Asosiasi Industri Kakao Indonesia (AIKI) memperkirakan, setahun terakhir paling tidak ada US$ 158,07 juta investasi baru dari 14 perusahaan pengolahan kakao. "Investasi ini juga berhasil menyediakan lapangan kerja bagi masyarakat," kata Piter Jasman, Ketua Umum AIKI kepada KONTAN, Jumat (24/6).

Menteri Perindustrian, MS Hidayat menjelaskan, investasi baru ini telah menambah kapasitas pabrik menjadi 430.950 ton. Jumlah ini meningkat 57,9% dari 272.875 ton tahun lalu. Investasi baru itu juga ikut mengerek kapasitas terpasang industri pengolahan kakao nasional tahun ini menjadi 689.750 ton.

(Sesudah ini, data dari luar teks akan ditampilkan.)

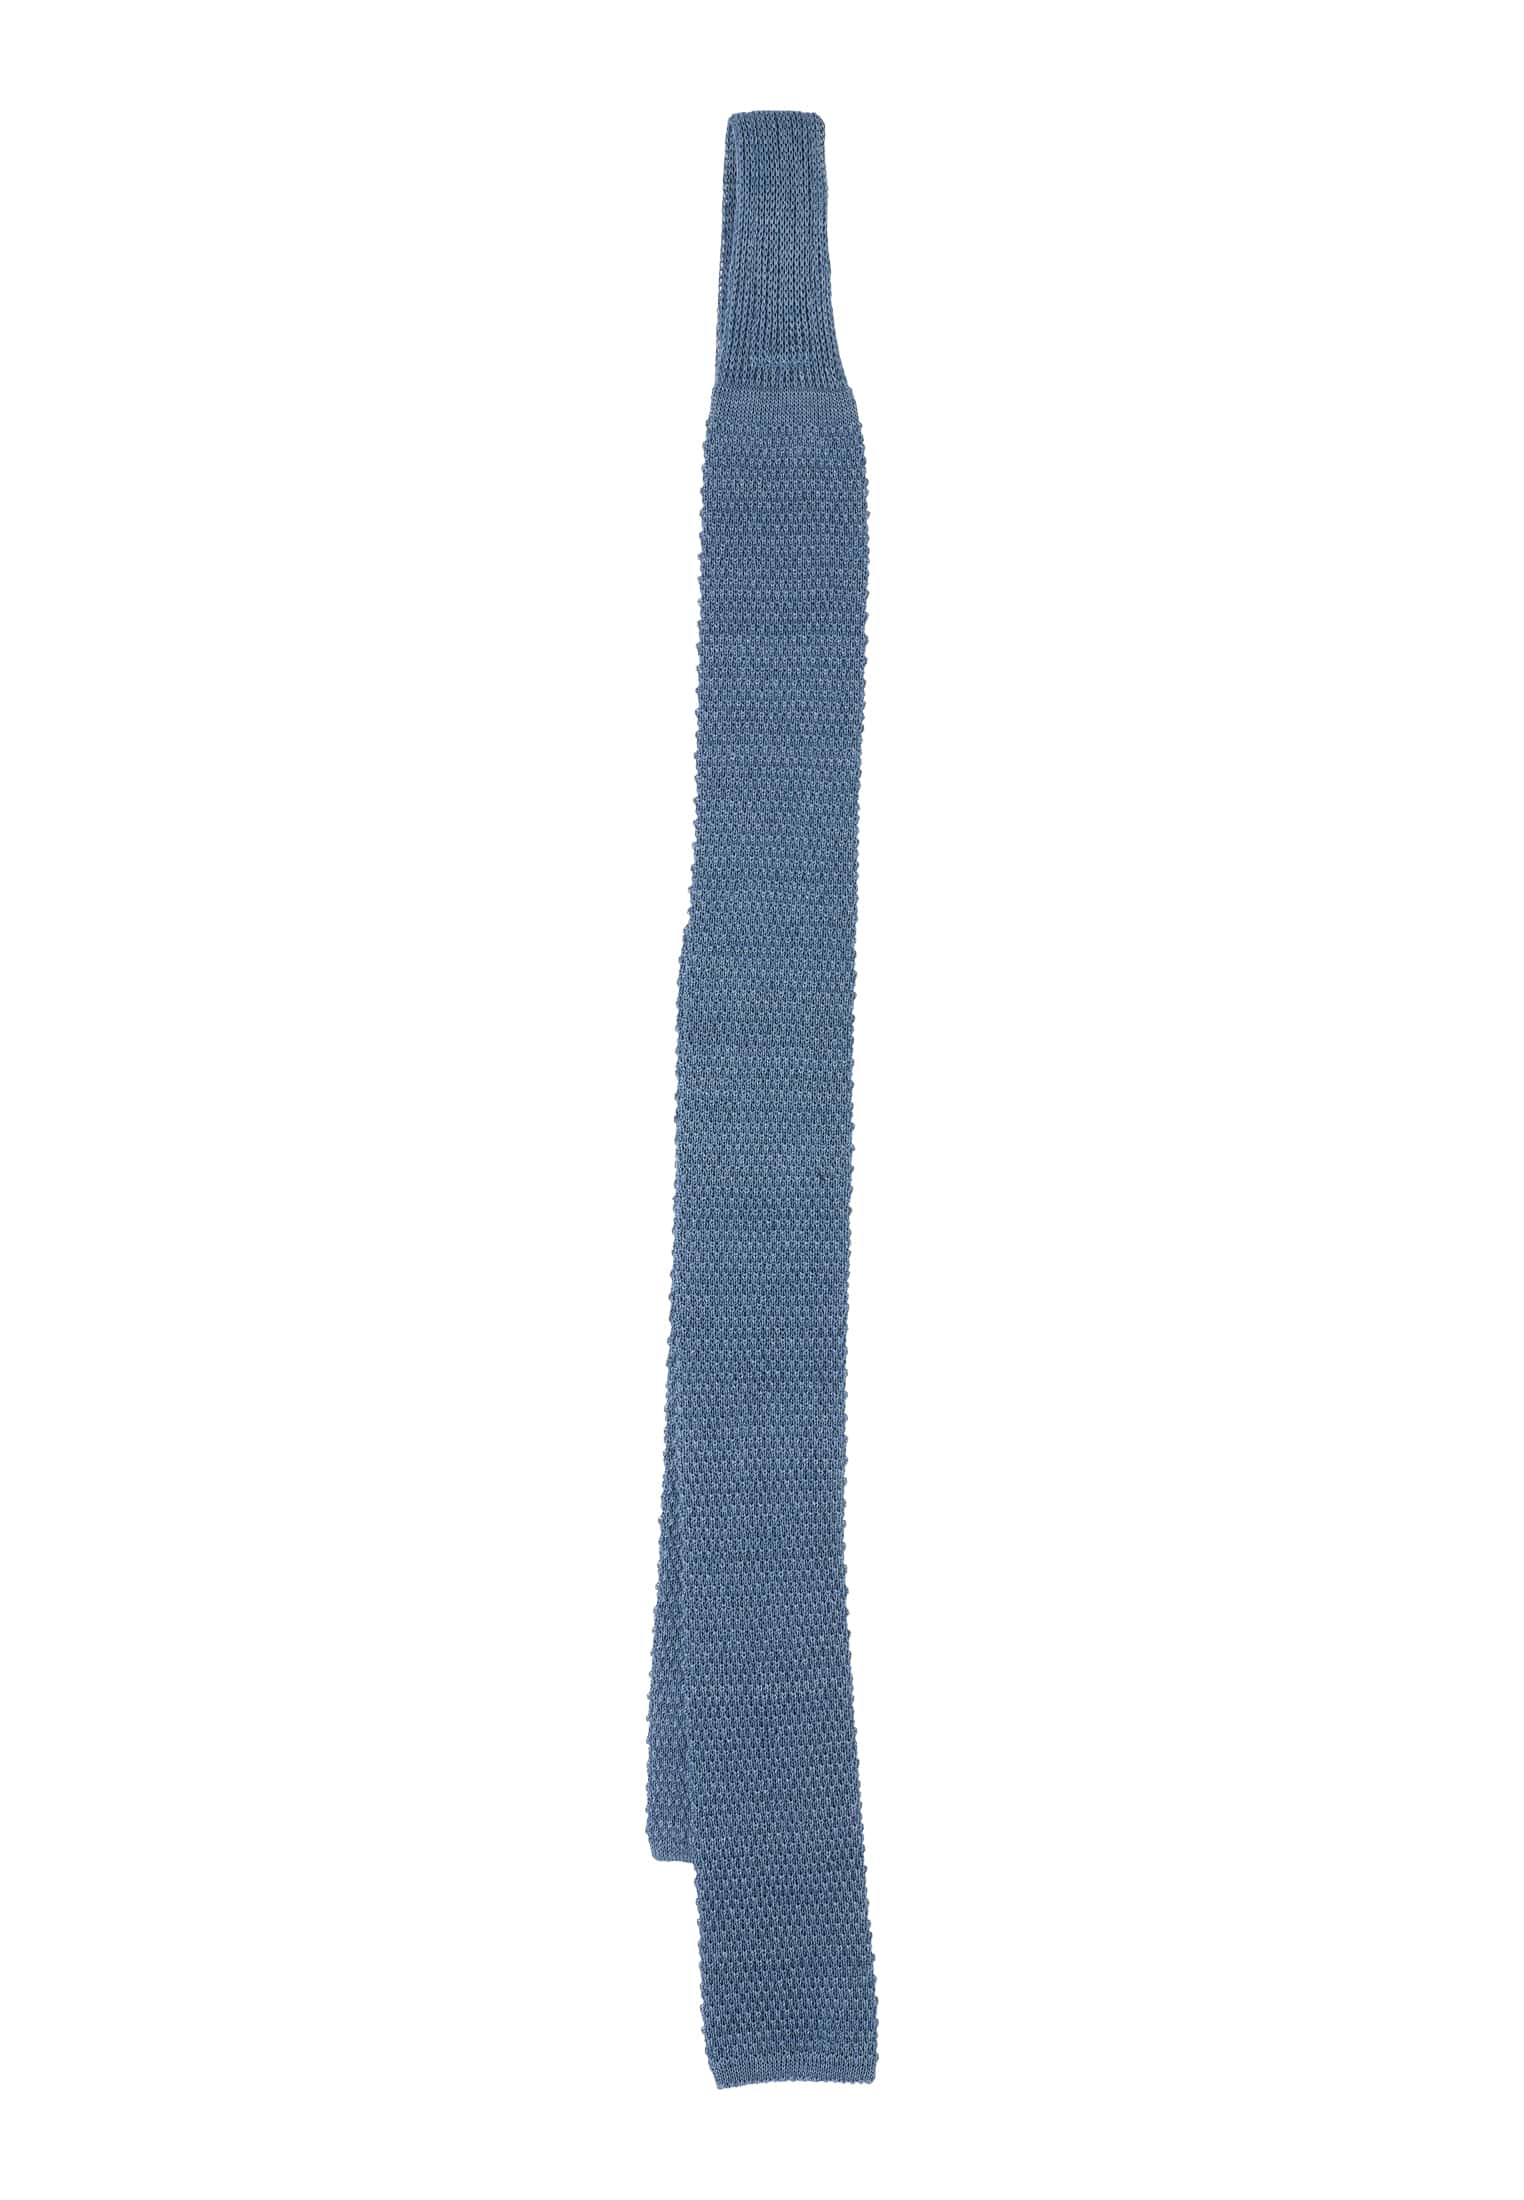 Krawatte in rauchblau unifarben | rauchblau | 142 | 1AC02004-01-62-142 | Breite Krawatten
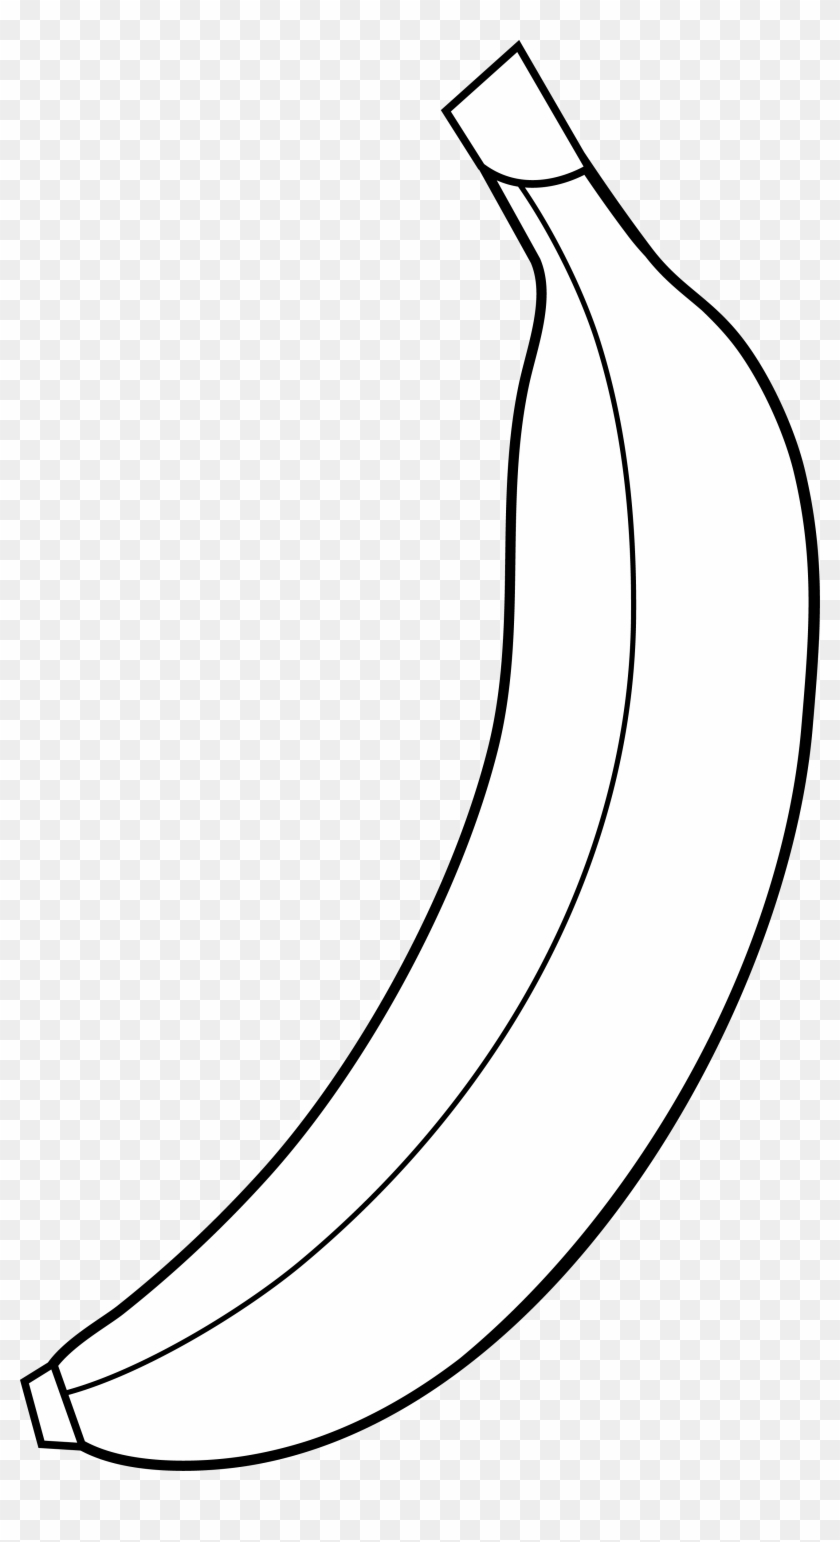 Banana Clip Art - White Banana Clipart #289366

Kapasitas ini meningkat 29,7% dari kapasitas tahun lalu yang sebesar 531.675 ton. "Penerapan BK membuat industri yang sebelumnya mati suri kini bangkit," kata Hidayat.


Selain mendorong pabrikan lokal, menurutnya penerapan BK juga berhasil mengundang investor asing. Ambil contoh PT Asia Cocoa Indonesia yang baru mendirikan pabrik di Batam.

Ekspor turun

Di sisi lain, BK pun berhasil menekan ekspor biji kakao. Data Kementerian Perindustrian menunjukan, volume ekspor biji kakao tahun 2010 turun 2% dari 439.300 ton menjadi 432.426 ton.

Namun, meski volume ekspor menurun, tapi harga kakao yang meningkat membuat nilai ekspor kakao tetap melejit. Tahun lalu, nilai ekspor kakao mencapai US$ 1,19 miliar, tumbuh 10% dari US$ 1,09 miliar pada tahun 2009.

Sebaliknya, volume ekspor kakao olahan mengalami peningkatan sebesar 26% dari 81.993 ton pada tahun 2009 menjadi 103.055 ton tahun lalu. Praktis hal ini membuat nilai ekspor pengolahan kakao juga membumbung 38%.

Wajar saja bila pemerintah giat menggenjot investasi pengolahan kakao. Sebab, International Cocoa Organization (ICCO) mencatat Indonesia sebagai produsen kakao terbesar ketiga di dunia. Tahun lalu produksi kakao Indonesia mencapai 550.000 ton.

Indonesia hanya kalah dari Pantai Gading yang memproduksi 1,24 juta ton dan Ghana 632.000 ton. Sayangnya, sebagian besar biji kakao Indonesia masih diekspor. Sementara yang diolah di dalam negeri hanya 28%. "Agar pengolahan kakao terus tumbuh, kami juga tengah menyiapkan revisi PP No. 62/2008 tentang Insentif Pajak Penghasilan," lanjut Hidayat.

Setali tiga uang, Piter pun optimistis investasi kakao terus bertumbuh. Buktinya, beberapa investor asing sudah menyatakan minatnya membangun pabrik kakao tahun 2012. Investasi baru itu di antaranya pembangunan pabrik pengolahan berkapasitas 30.000 ton per tahun di

Surabaya oleh investor Malaysia dan pabrik berkapasitas 60.000 ton per tahun oleh investor Swiss. "Peningkatan investasi ini seiring dengan konsumsi kakao dunia yang meningkat 5% per tahun," papar Piter. Ia pun memprediksi, produksi kakao nasional tahun 2014 akan mencapai 1,2 juta ton.